Kubernetes (K8s) is an open-source platform designed to manage containerized applications at scale.

It automates deployment, scaling, and management, making it easier to handle complex, distributed applications in dynamic environments.

‼️𝗦𝗼 𝗵𝗼𝘄 𝗱𝗼𝗲𝘀 𝗞𝘂𝗯𝗲𝗿𝗻𝗲𝘁𝗲𝘀 𝘄𝗼𝗿𝗸?

A Kubernetes 𝗰𝗹𝘂𝘀𝘁𝗲𝗿 consists of a set of worker machines, called 𝗻𝗼𝗱𝗲𝘀, that run containerized applications.

The worker nodes host 𝗣𝗼𝗱𝘀, which are the components of your application workload. The 𝗰𝗼𝗻𝘁𝗿𝗼𝗹 𝗽𝗹𝗮𝗻𝗲 oversees the nodes and Pods, managing deployment, scaling, and maintenance.

In production environments, the control plane is distributed across multiple servers for fault-tolerance and high availability.

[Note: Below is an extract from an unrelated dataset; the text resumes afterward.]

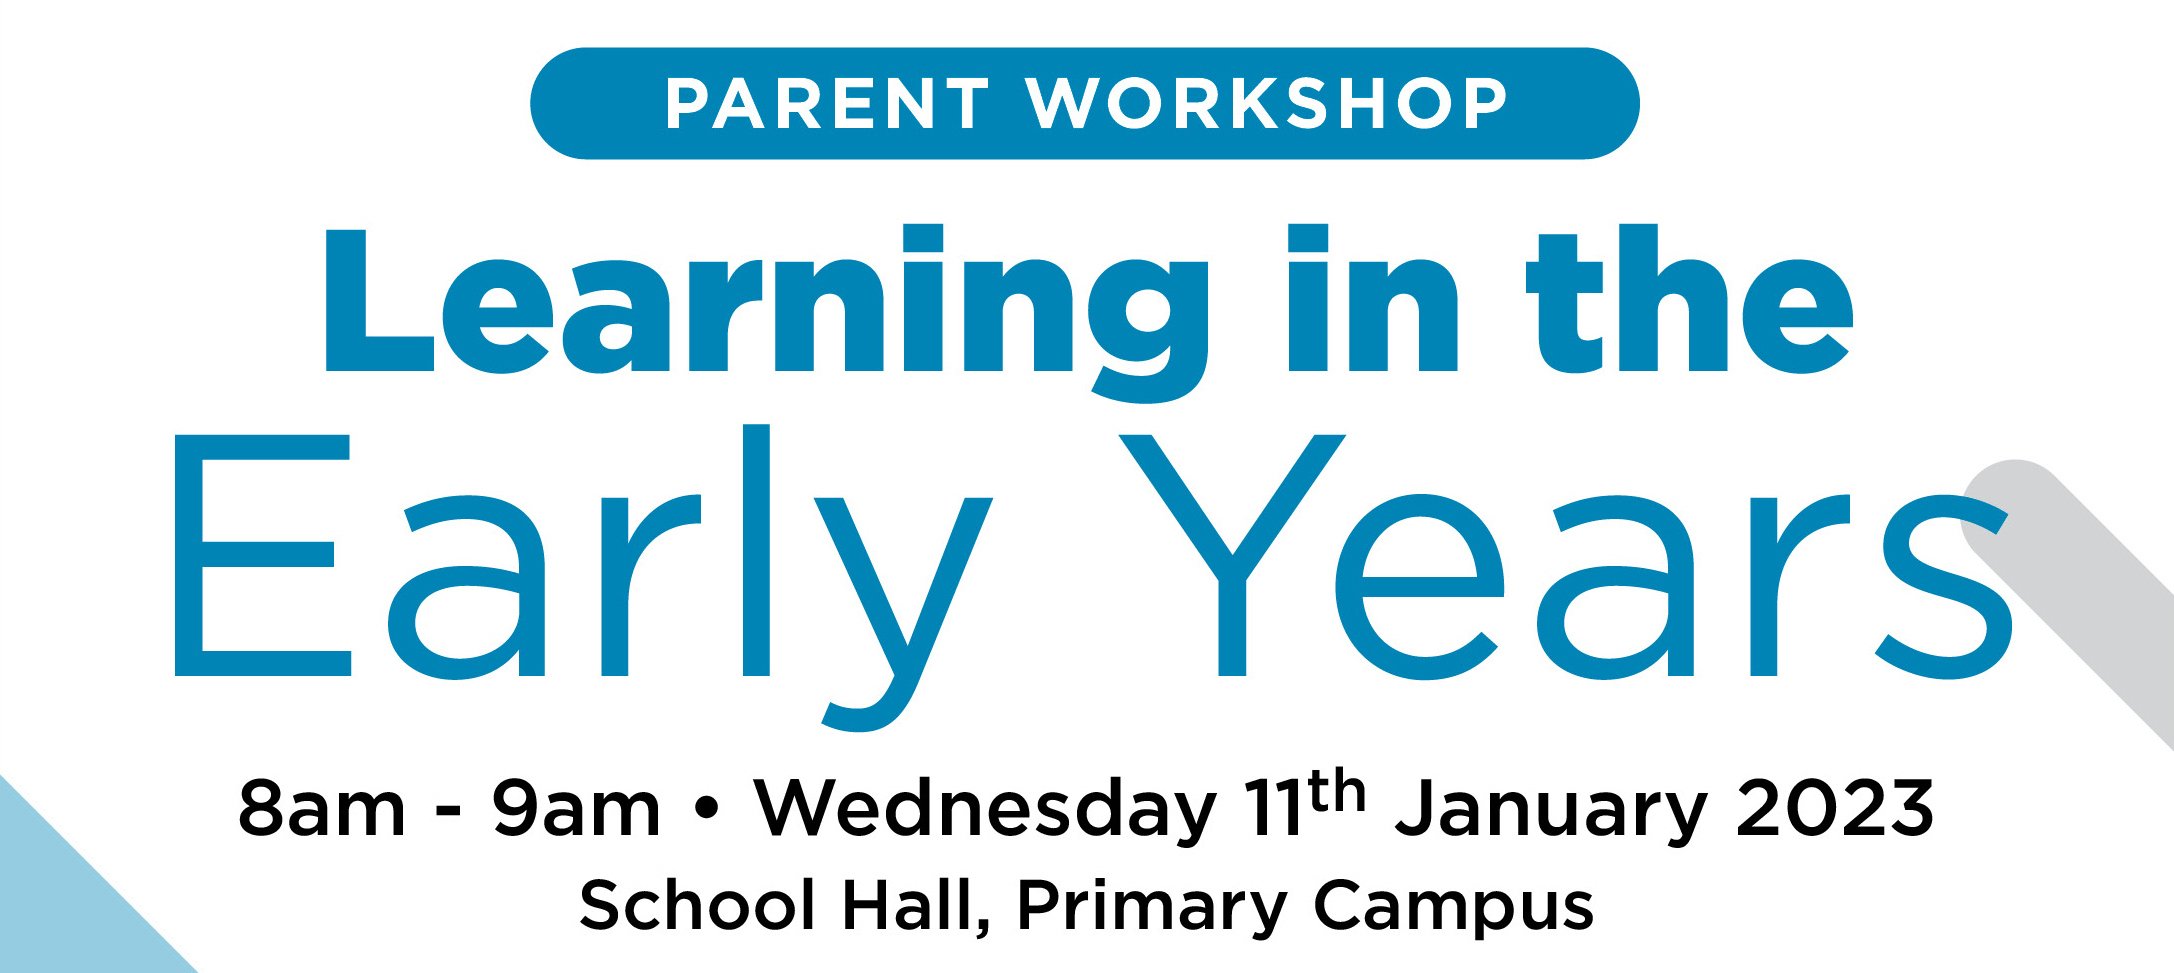 Parent Workshop with Early Years Expert, Jan Dubiel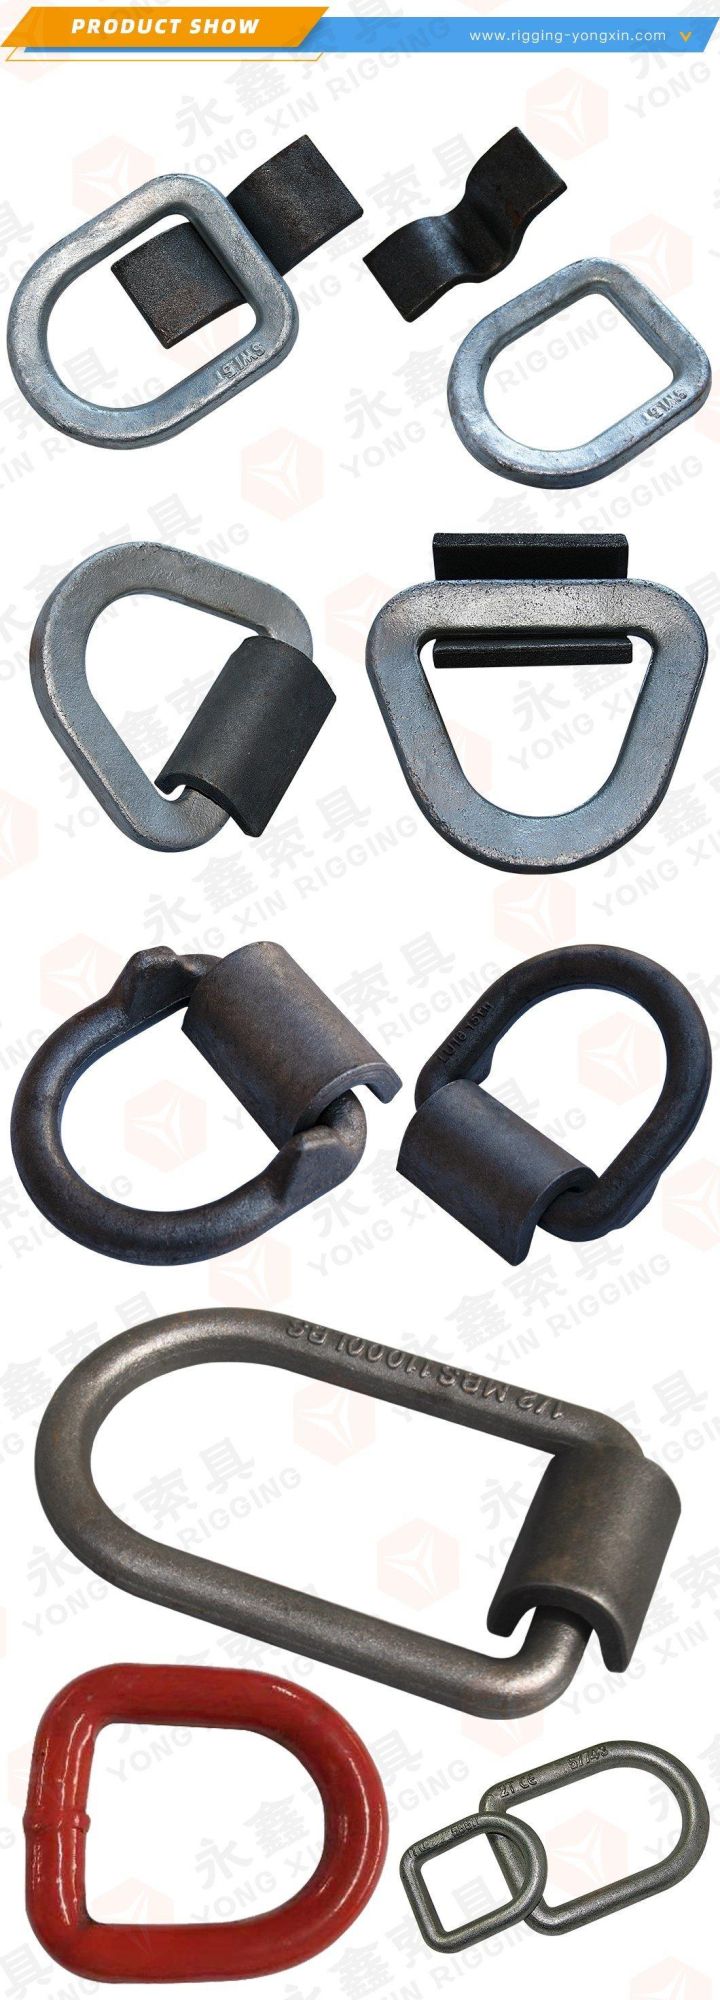 1/2" Wll 11000lbs Strap Type a Forged D Link D Ring|Customized Forged Lashing D Ring

‼️𝗞𝟴𝘀 𝗵𝗮𝘀 𝗺𝗮𝗻𝘆 𝗰𝗼𝗺𝗽𝗼𝗻𝗲𝗻𝘁𝘀, 𝘀𝗼𝗺𝗲 𝗼𝗳 𝘁𝗵𝗲 𝗺𝗼𝘀𝘁 𝗸𝗲𝘆 𝗶𝗻𝗰𝗹𝘂𝗱𝗲:

🔸 Node: machines (physical or virtual) where Kubernetes runs workloads

🔸 Pod: the smallest deployable unit, encapsulating one or more containers

🔸 Service: abstracts and exposes Pods via a stable IP or DNS, enabling communication

🔸 Control plane: the brain of the cluster, consisting of key components like:

🔸 API server: the main entry point for all cluster management requests

🔸 Scheduler: assigns Pods to Nodes based on resource availability

🔸 Controller manager: runs controllers to maintain the desired state of the cluster

🔸 etcd: stores cluster configuration and state as a distributed key-value store

ℹ️ 𝗖𝗼𝗿𝗲 𝗳𝗲𝗮𝘁𝘂𝗿𝗲𝘀:

🔹 Auto-scaling: adjusts workloads dynamically

🔹 Self-healing: detects and replaces failed containers

🔹 Load balancing: distributes traffic to maintain reliability

🔹 Multi-cloud support: works seamlessly across environments

🔹 Declarative configurations: use YAML/JSON files to manage states

ℹ️ 𝗞𝘂𝗯𝗲𝗿𝗻𝗲𝘁𝗲𝘀 𝗶𝘀 𝗰𝗼𝗺𝗺𝗼𝗻𝗹𝘆 𝘂𝘀𝗲𝗱 𝗶𝗻 𝗮 𝘄𝗶𝗱𝗲 𝗿𝗮𝗻𝗴𝗲 𝗼𝗳 𝗮𝗽𝗽𝗹𝗶𝗰𝗮𝘁𝗶𝗼𝗻𝘀. 𝗔 𝗳𝗲𝘄 𝗼𝗳 𝘁𝗵𝗲 𝗺𝗼𝘀𝘁 𝗰𝗼𝗺𝗺𝗼𝗻 𝗶𝗻𝗰𝗹𝘂𝗱𝗲:

Microservices deployment: simplifies managing and scaling containerized microservices

CI/CD pipelines: automates build, test, and deployment workflows

Cloud-native apps: powers dynamic and portable cloud-based applications

Batch processing: handles large-scale data and computational jobs efficiently

Event-driven applications: enables real-time data processing and IoT solutions

Scaling stateful applications: supports persistent storage for databases and critical workloads

Kubernetes brings scalability, reliability, and automation to containerized applications. While it has a steep learning curve and adds complexity, its benefits make it indispensable for managing modern, distributed systems.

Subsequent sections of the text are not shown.